Athome.id – Bagi sebagian besar orang, bernapas adalah hal yang begitu alami hingga sering terlupakan. Namun bagi ribuan pasien Hipertensi Paru di Indonesia, setiap tarikan napas merupakan perjuangan yang membutuhkan tenaga, kesabaran, dan keberanian.

Memperingati Bulan Kesadaran Hipertensi Paru 2025, MSD Indonesia bersama Yayasan Hipertensi Paru Indonesia (YHPI) mengajak masyarakat untuk membuka mata terhadap penyakit yang langka, kronis, mematikan, dan sering luput dikenali ini.

Penyakit Langka yang Mengancam dalam Diam

Hipertensi paru adalah kondisi serius yang ditandai dengan meningkatnya tekanan darah pada pembuluh darah paru. Kondisi ini membuat jantung kanan bekerja ekstra keras hingga akhirnya dapat menyebabkan gagal jantung kanan dan komplikasi fatal jika tidak ditangani.

Secara global, penyakit ini dikenal memiliki tingkat mortalitas tinggi—sekitar sepertiga pasien meninggal pada tahun pertama setelah diagnosis, dan lebih dari separuhnya dalam lima tahun.
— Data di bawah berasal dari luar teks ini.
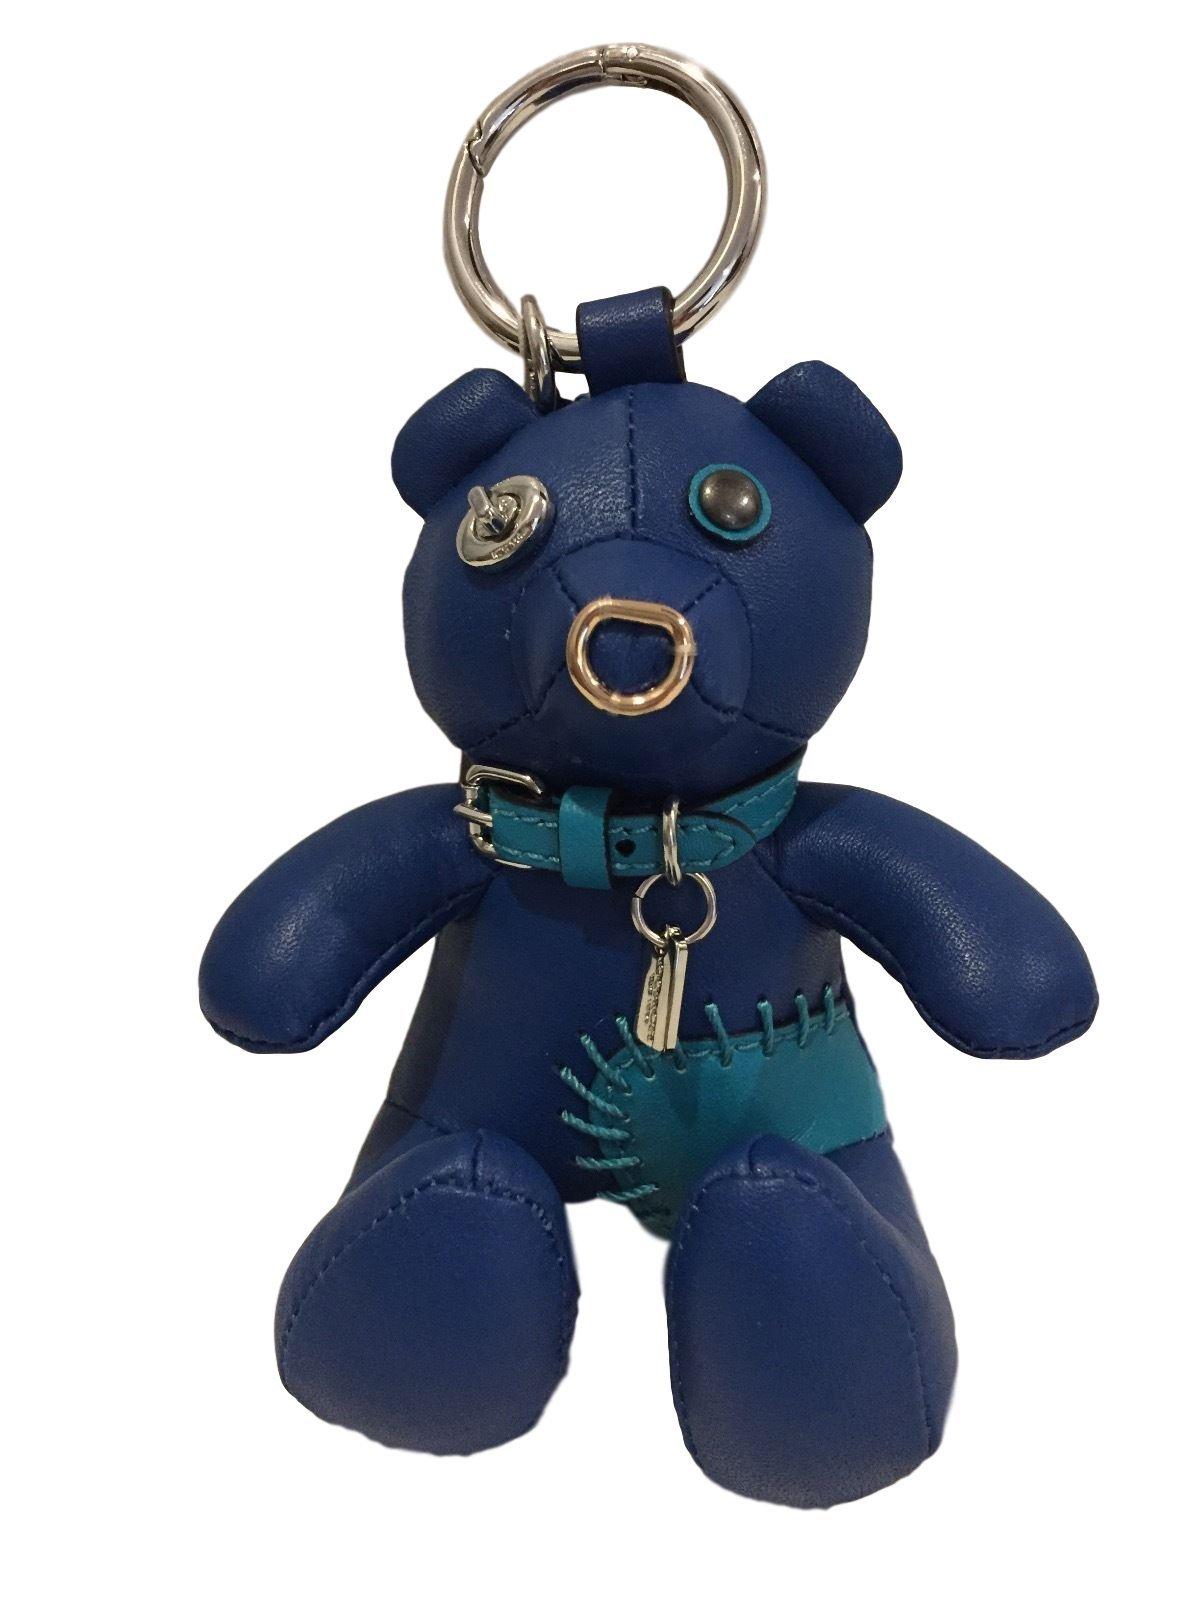 COACH Leather Limited Edition Holiday Bear Bag Charm ''ACE'' Blue Teddy 56743

Meski dapat menyerang siapa saja, wanita tercatat sebagai kelompok yang paling rentan.

Di Indonesia, prevalensi hipertensi paru diperkirakan mencapai 25.000 pasien, namun angka sebenarnya diyakini lebih tinggi karena banyak kasus yang tidak terdeteksi akibat gejalanya yang samar.

Tidak Ada Pasien yang Harus Berjuang Sendirian

Managing Director MSD Indonesia, George Stylianou, menegaskan pentingnya dukungan kolektif bagi para pasien.

“Masih banyak pasien yang setiap hari berjuang untuk sekadar bernapas. Kami percaya, tidak ada seorang pun yang seharusnya menghadapi perjuangan itu sendirian. Komitmen kami adalah mendukung YHPI dan para pasien melalui edukasi berkelanjutan, peningkatan kesadaran, dan upaya memperbaiki kualitas hidup.”

Bagi banyak pasien, perjalanan menuju diagnosis terasa panjang dan melelahkan. Gejala seperti sesak napas, cepat lelah, atau jantung berdebar kerap disalahartikan sebagai penyakit umum seperti asma atau masalah jantung ringan.

Ketua YHPI, Arni Rismayanti, menggambarkan pengalaman umum para anggota komunitas. “Banyak pasien bertahun-tahun merasa tidak baik-baik saja tanpa tahu apa yang sebenarnya terjadi. Banyak yang datang dengan rasa bingung setelah mengalami salah diagnosis. Di YHPI, kami ingin memastikan tak ada pasien yang merasa sendirian.”

Tantangan Diagnosis, Gejala Samar, Risiko Membesar

Wakil Ketua Hipertensi Paru Indonesia (INA-PH), dr. Hary Sakti Muliawan, mengungkapkan bahwa salah satu masalah terbesar hipertensi paru adalah diagnosis yang terlambat.

“Gejalanya sering menyerupai asma atau gangguan jantung. Pasien sering datang dalam kondisi berat karena gejala awal dianggap remeh. Edukasi masyarakat dan peningkatan kemampuan tenaga medis sangat penting untuk mempercepat diagnosis.”

Keterlambatan ini berarti pasien kehilangan waktu berharga untuk memperoleh terapi yang efektif.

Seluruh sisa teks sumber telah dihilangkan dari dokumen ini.